Kurang dari 24 jam saya akan menghadapi sidang tesis. Sementara itu, saya baru saja menyelesaikan membuat poin-poin presentasi beberapa menit yang lalu. Tetiba saja, perut saya rasanya sedikit mulas. Untuk pertama kalinya, saya grogi menghadapi hal-hal presentasi seperti ini. Pun untuk pertama kalinya juga saya bergadang selama hampir seminggu untuk menyelesaikan tesis ketika tenggat waktu pengumpulan dua bulan yang lalu. Dan, begitulah. Tesis kali ini selesai pada waktunya dengan segala macam suka-dukanya.

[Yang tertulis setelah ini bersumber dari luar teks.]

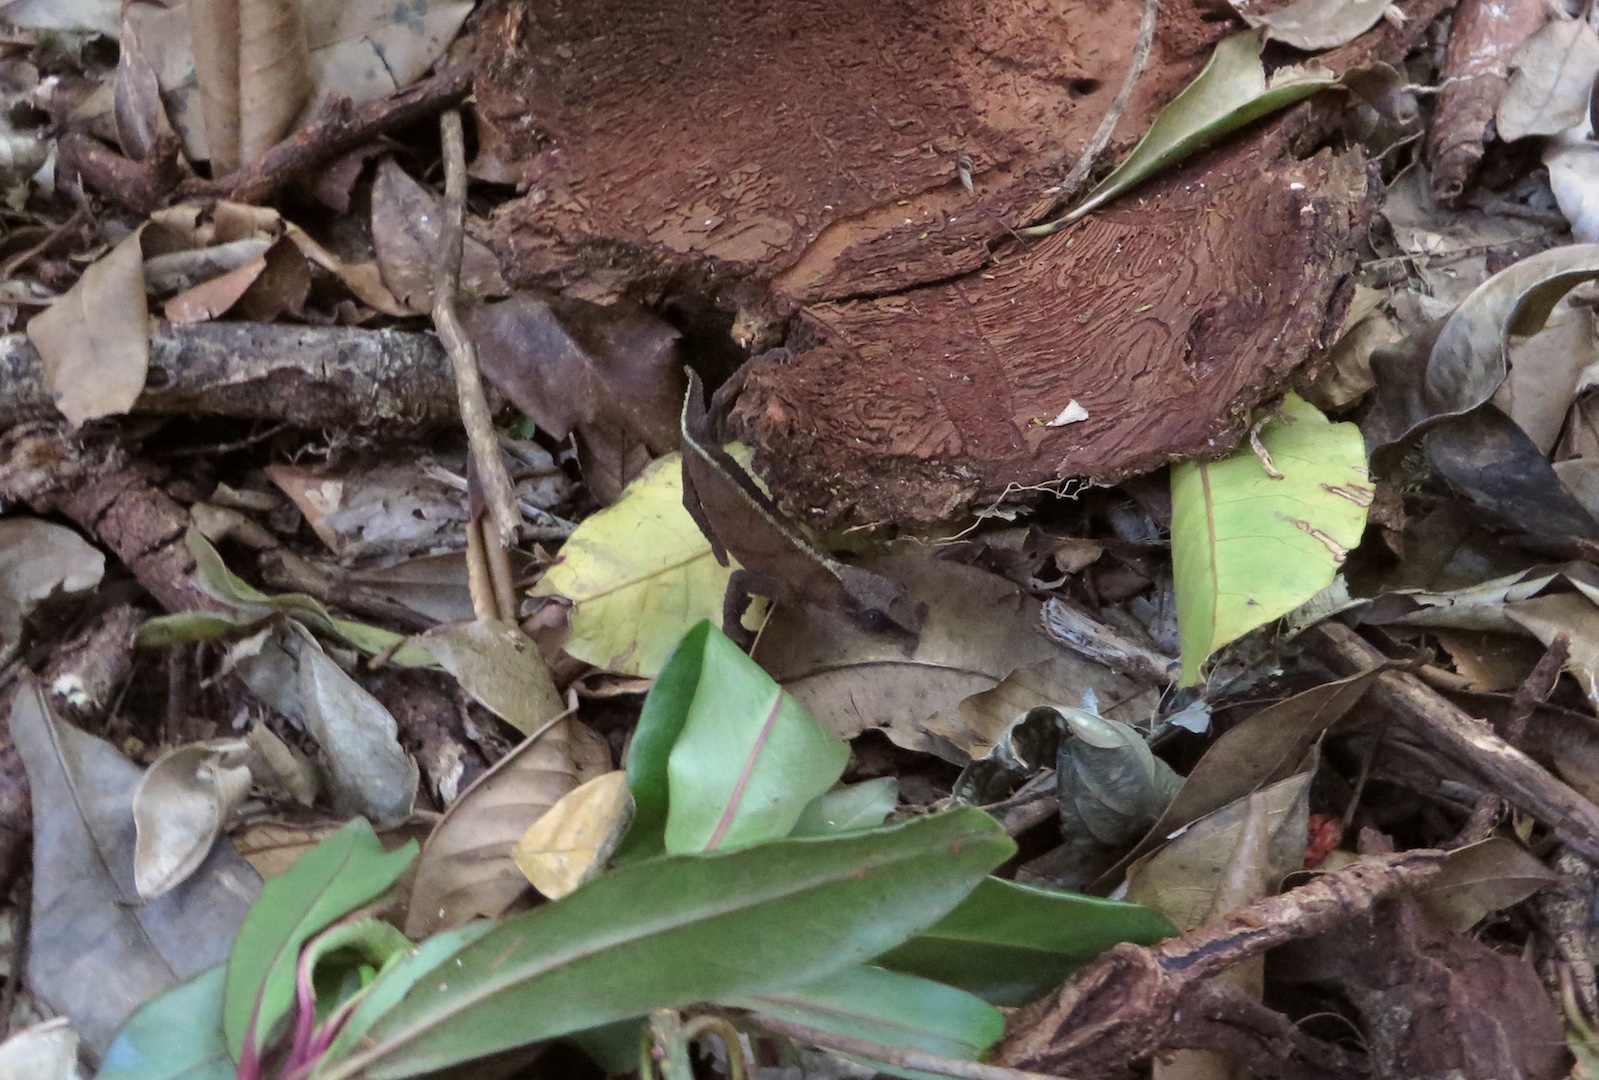 IMG_1212 - pygmy chameleon on ground
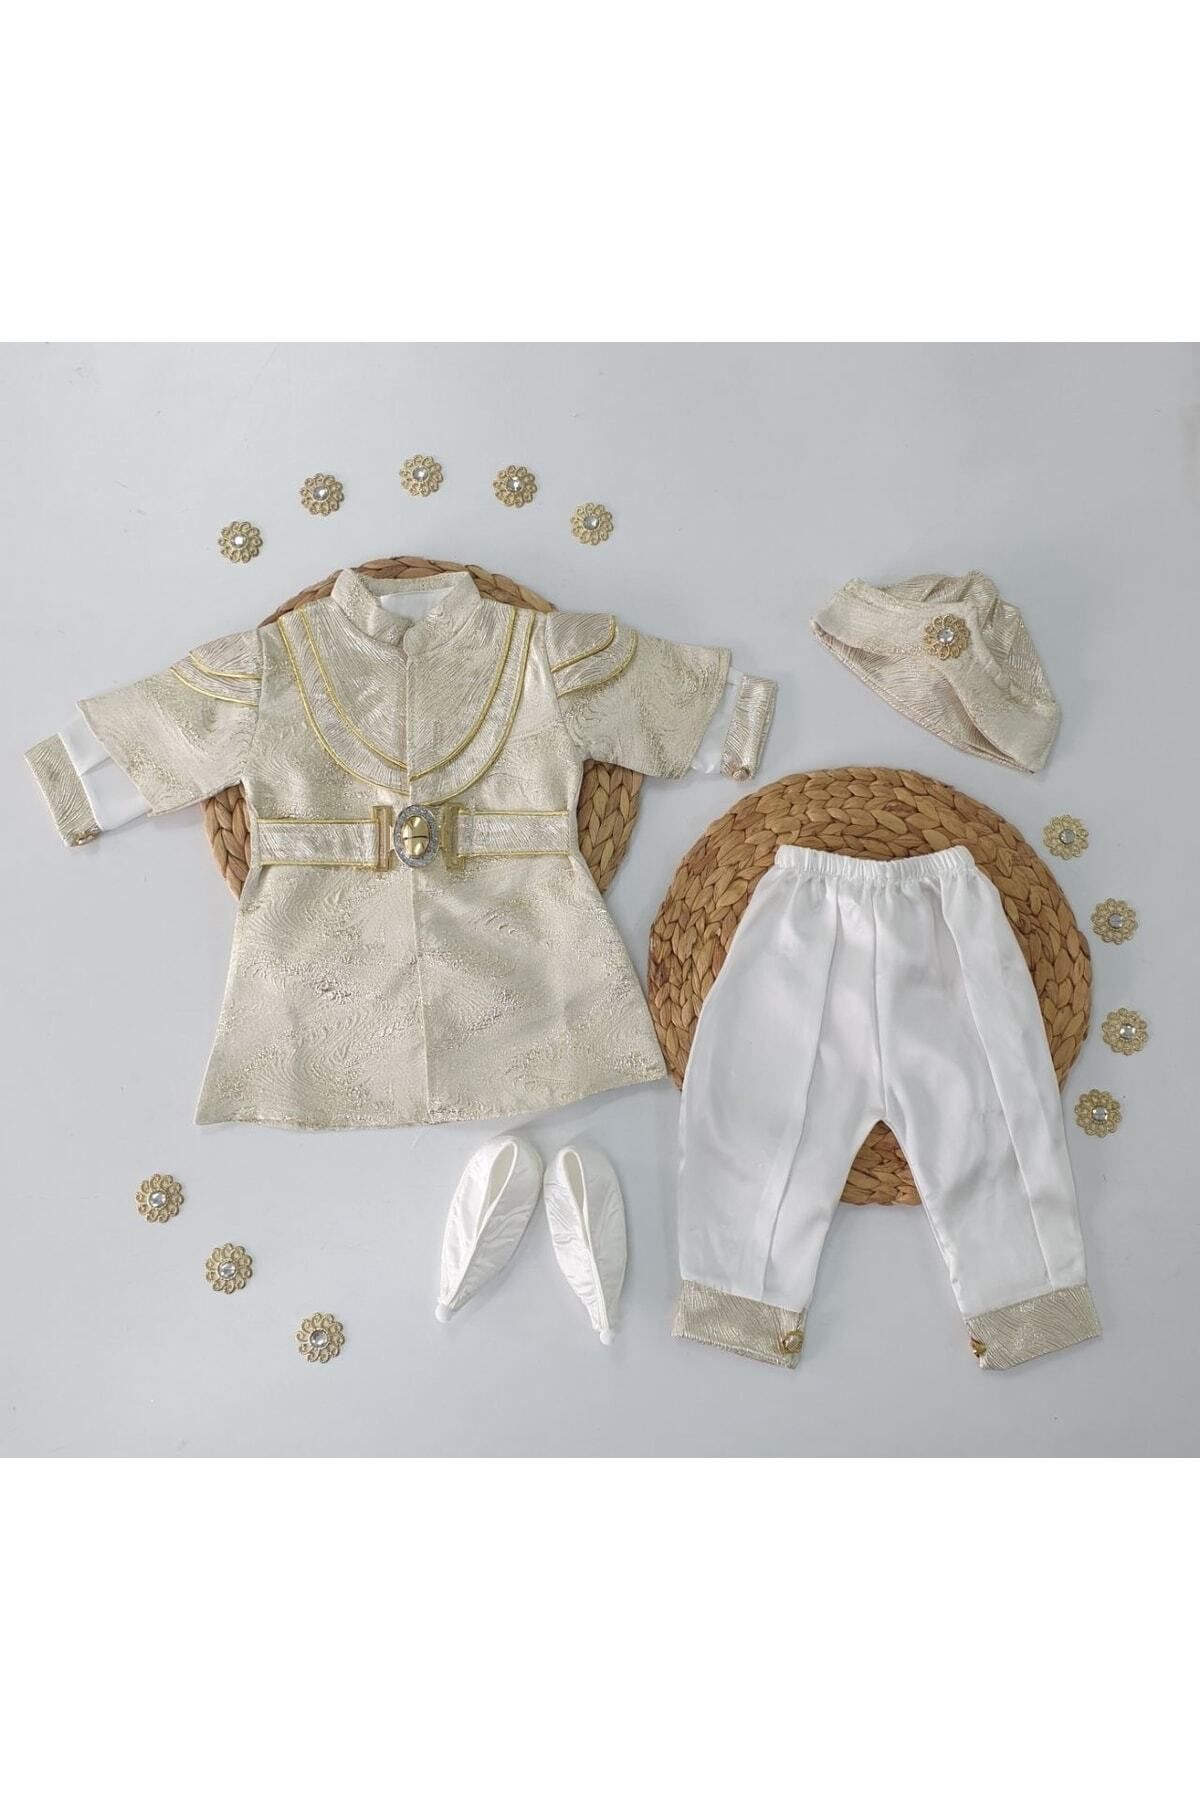 Cherub Baby Şehzade Erkek Bebek Mevlüt Ve Sünnet Kıyafeti Mevlütlük Sünnetlik Takım

Saya memilih topik tentang fenomena pesugihan di Gunung Kawi. Sedikit yakin, banyak ragunya saat itu. Sempat mengajukan ganti topik, tetapi ditolak oleh pembimbing. Akhirnya, saya pun takada pilihan lain selain menyelesaikan topik ini hingga selesai. Penelitian pertama saya lakukan pada bulan Januari. Sekira 10 hari saya menginap di Gunung Kawi, menghitung hari agar cepat selesai, tetapi lama-lama saya menikmati proses ini.
Data lapangan menunjukkan banyak hal yang takterlihat pada mulanya, tetapi memang seharusnya demikian. Setiap orang yang berkepentingan di sana selalu menekankan bahwa di Gunung Kawi bukanlah tempat pesugihan, tetapi hanya tempat ziarah atau ngalap berkah. Akan tetapi, logikanya, tempat ziarah "biasa" tidak mungkin dikunjungi hingga sepuluh ribu pengunjung setiap bulannya. Sesungguhnya, penelitian saya ini memang tidak mempermasalahkan ada atau tidaknya pesugihan di sana, tetapi hal-hal yang di luar itu, misalnya ideologi, politik, dan narasi dalam ritual ngalap berkah.
Karena pembahasan tentang persilangan hal-hal tersebut antara pemangku kepentingan di Gunung Kawi, saya pun harus mengkroscek data ke Keraton Ngayogyakarta Hadiningrat karena pihak Gunung Kawi menyatakan bahwa kedua makam tersebut ada hubungannya dengan Hamengkubuwono III.
Baiklah. Singkatnya, saya harus penelitian ke sana kemari mencari data. Semacam lelah, tapi takbisa berhenti di tengah jalan. Saya harus lulus pada semester ini jika takmau membuang delapan juta untuk bayaran semesteran dan mau mempertahankan predikat cumlaude (yang sesungguhnya juga taktahu fungsinya untuk apa).
Sekarang, segala sesuatunya sudah hampir selesai. Barangkali 15 jam lagi saya sudah bisa menyandang gelar M.Hum. di belakang nama saya. Namun, sekarang saya tahu, apa yang membuat saya mulas. Lalu, setelah M.Hum. saya akan bagaimana? Akan ke mana? Akan melakukan apa? Akan bekerja apa? Pertanyaan-pertanyaan yang takkan habis itu sedikit-sedikit menghantui saya.
Dulu, ketika lulus jenjang sarjana, saya sama sekali takmemikirkan hal tersebut. Sebab saya langsung melanjutkan S2 dengan salah satu tujuannya adalah penundaan status pengangguran. Tapi sekarang? Saya mau lari ke mana lagi? Menunda segala sesuatunya dengan sekolah S3? Saya rasa menunda tidak akan pernah menyelesaikan masalah.
Satu hal sesungguhnya yang ingin saya lakukan selepas lulus: saya ingin mengajar. Tapi, entahlah, universitas mana yang rela menerima saya. Haha. Pilihan untuk tetap di kota ini atau pindah ke kota lain pun masih harus dipikirkan masak-masak. Pilihan untuk menikah--yang entah dengan siapa pun--harus masuk ke dalam daftar rencana. Atau pilihan melanjutkan S3 di mana dan kapan sebenarnya bisa dipikirkan mulai sekarang. Atau mungkin beberapa bulan mempersiapkan beasiswa dengan les bahasa Inggris dan kerja freelance di penerbitan bisa juga menjadi pilihan. Dan, segala sesuatunya sekarang berkumpul dalam perut, membuat melilit. Padahal saya harus istirahat, sebentar lagi waktu sahur, sebentar lagi sidang tesis.
Ternyata menjadi dewasa itu dilematis, ya?